Maltempo, Corsaro dall’Anci: “Vicini a coloro che operano per gestire le emergenze”

“Seguiamo con grande attenzione e con una viva preoccupazione ciò che sta accadendo in Piemonte a causa del maltempo. Siamo vicini alle forze di protezione civile, ai volontari e ai tanti cittadini che stanno vivendo ore difficili. Ringraziamo i sindaci impegnati in prima linea sul fronte dell’emergenza e, per quanto di nostra competenza, ci mettiamo fin da subito a loro completa disposizione per ogni azione che riterranno opportuno adottare a tutela dei loro territori e dell’incolumità pubblica”. Lo ha detto ieri in serata, in una nota, il sindaco di Vercelli e presidente di ANCI Piemonte, Andrea Corsaro.

 

“Questa mattina – prosegue Corsaro – effettuando un sopralluogo nei punti critici di Vercelli assieme alla protezione civile e alla polizia locale, il mio primo pensiero è andato agli sfollati dell’alessandrino, alla donna ancora dispersa a Sezzadio e, ovviamente, a tutti i sindaci dei Comuni colpiti dal maltempo. I territori e le loro aziende stanno vivendo un momento delicato: penso, ad esempio, alla Ferrero che ha sospeso la produzione nello stabilimento di Alba”.

 

“Nessuno di noi – conclude il presidente di ANCI Piemonte – dimentica quanto accaduto nel lontano ’94 o, più di recente, nel 2016. In ogni occasione, i sindaci hanno sempre dato un segnale straordinario, restando vicini alla comunità e affrontando le emergenze con estrema responsabilità. Come sempre, ANCI è pronta a fare squadra assieme alle altre istituzioni e ad ogni livello per non lasciare solo nessun Comune”.

 

 

 

Sul crollo del viadotto tra Savona ed Altare, autostrada A6, in Liguria (leggi qui), è intervenuto anche l’onorevole Paolo Tiramani chiedendo immediata chiarezza sulle cause: “Un tratto di viadotto lungo la Torino-Savona è crollato.
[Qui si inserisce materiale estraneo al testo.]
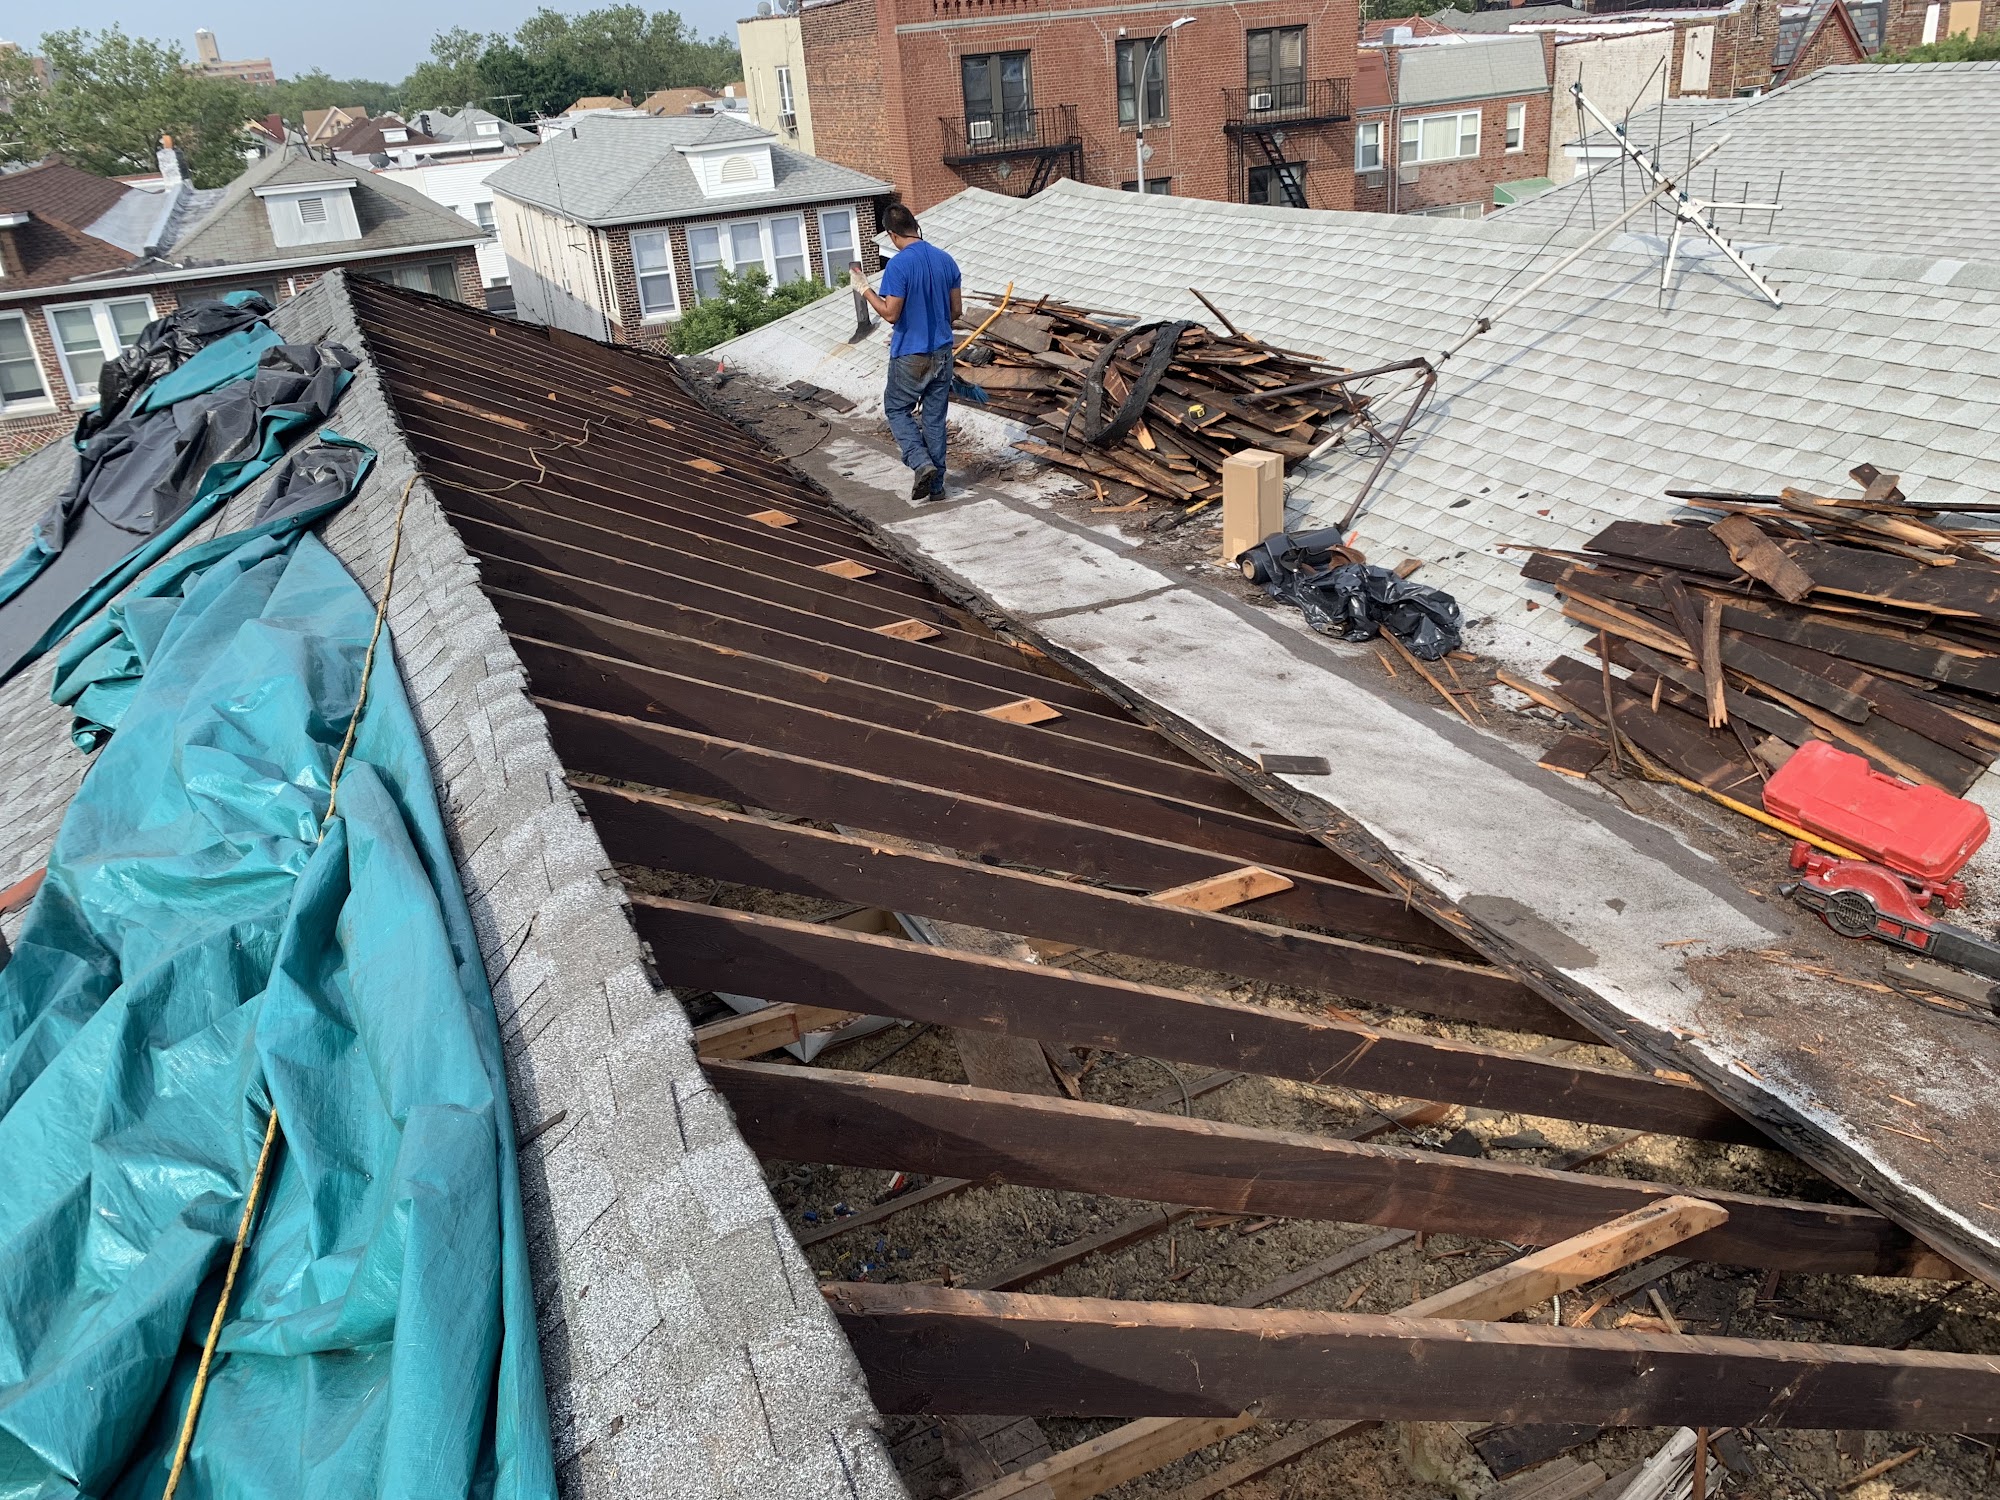 NYC Best Roofing & Siding

Per fortuna non ci sono state vittime ma si è trattato di un caso fortunato. La maggioranza giallofucsia accerti le cause del crollo, se dovuto alla manutenzione dell’infrastruttura o ad una frana. In tal caso la società che gestisce la tratta dovrebbe fare periodicamente studi idrogeologici delle aree circostanti. Fatto sta che l’attuale governo deve seriamente a pensare al bene del Paese e non a nazionalizzare la qualunque, banche, A. Mittal, Alitalia, come sta facendo. Si riappropri piuttosto dell’unica cosa di proprietà dello Stato, che crea gettito, e si impegni a dargli valore e decoro per la tutela degli automobilisti”.